Measuring the significance of inconsistency in the Viewpoints framework

Measuring inconsistency is crucial to effective inconsistency management in software development. A complete measurement of inconsistency should focus on not only the degree but also the significance of inconsistency. However, most of the approaches available only take the degree of inconsistency into account. The significance of inconsistency has not yet been given much needed consideration. This paper presents an approach for measuring the significance of inconsistency arising from different viewpoints in the Viewpoints framework. We call an individual set of requirements belonging to different viewpoints a combined requirements collection in this paper.
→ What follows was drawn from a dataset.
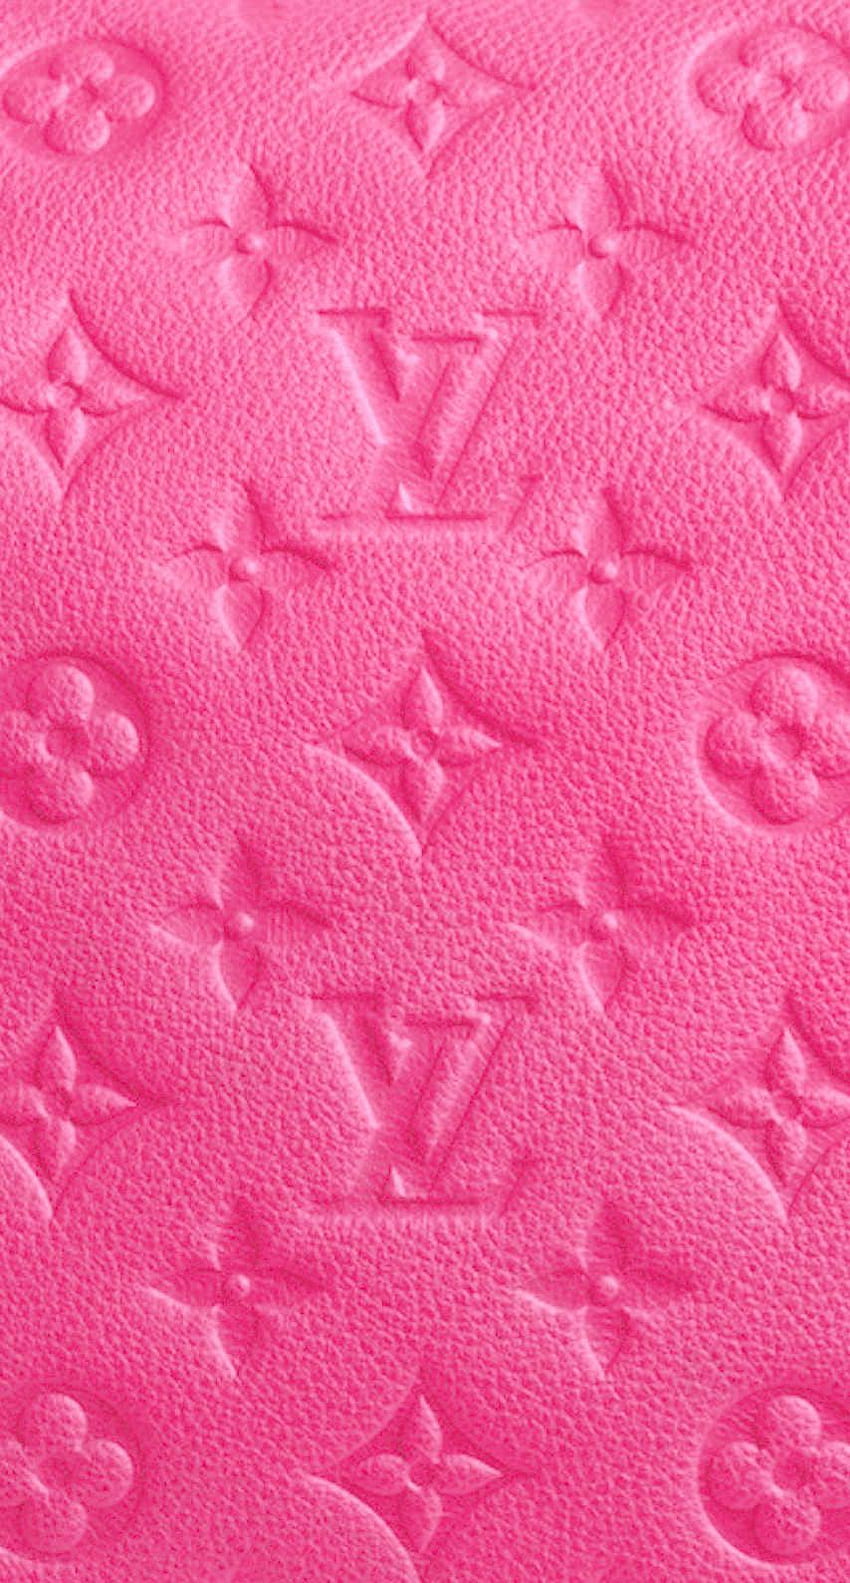 Sparkling LOUIS Vuitton - Luxurydotcom  Louis vuitton iphone wallpaper, Louis  vuitton background, Bling wallpaper

We argue that the
significance of inconsistency arising in a combined requirements collection is closely associated with global priority levels of requirements involved in the inconsistency. Here we assume that the global priority level of an individual requirement captures the relative importance of every viewpoint including this requirement as well as the local priority level of the requirement within the viewpoint. Then we use the synthesis of global priority levels of all the requirements in a combined collection to measure the significance of the
collection. Following this, we present a scoring matrix function to measure the significance of inconsistency in an inconsistent combined requirements collection, which describes the contribution made by each subset of the requirements collection to the significance of the set of requirements involved in the inconsistency. An ordering relationship between inconsistencies of two combined requirements collections, termed more significant than, is also presented by comparing their significance scoring matrix functions. Finally, these techniques were implemented in a prototype tool called IncMeasurer, which we developed as a proof of concept.